At first, the store appears to be deserted. Ryan sits at the fortune telling table and, when an actress (played by Priscilla Inga Taylor of Malibu CA), comes in the store, Ryan is able to tell her that she’s going to get the next role for which she auditions. (I’d like to think that Taylor is playing her Malibu CA character, Traycee, here.) After the actress leaves, Mitch and Ryan are suddenly joined by the owner of the shop, Wahote (Floyd “Red Crow” Westerman). Wahote invites them to step behind a curtain and into a vortex and soon, Mitch and Ryan find themselves ten minutes into the future and watching as their future selves receive a call from Teague telling them that they need to investigate a boat that’s come back from the Amazon. Future Mitch complains about always having to do things on his day off. What I find strange is that neither present not future Mitch and Ryan seem to be curious as to why Teague, who apparently has connections with the CIA, is always asking the two of them to do these things.
A mysterious woman (Elaine Bilstad) shows up and says something about pollution and the rain forests. Mitch and Ryan jump around in time and eventually, future Ryan and Mitch have to help present Ryan and Mitch get off the boat because the boat is full of mutants that have been created by pollution. Or something. To be honest, I had a hard time following the plot of this one.
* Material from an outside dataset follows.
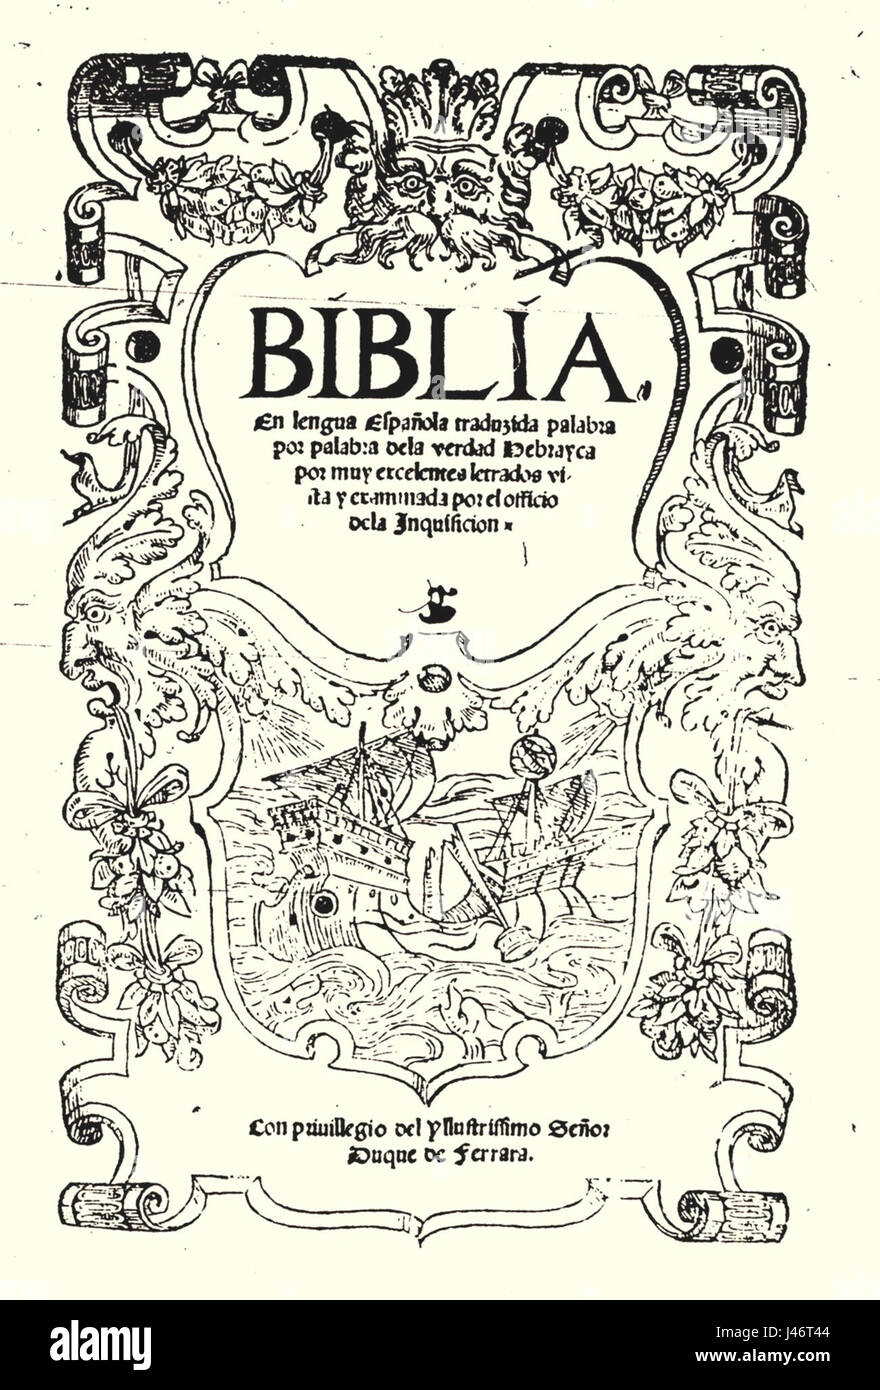 Pagina inicial de la biblia de Ferrara Banque D'Images

Time travel nonsense is always a bit difficult for me to follow and the constantly moving camera was a bit of a distraction.
To give credit where credit is due, this episode had a good deal of atmosphere and, as I said earlier, Hasselhoff and Harmon were a likable team. But the episode’s story was nearly incoherent and the fact that Mitch was still a skeptic at the end of the episode required too great of a suspension of disbelief. During this episode, all I could think about was how obvious it was that Baywatch Nights was on its last legs.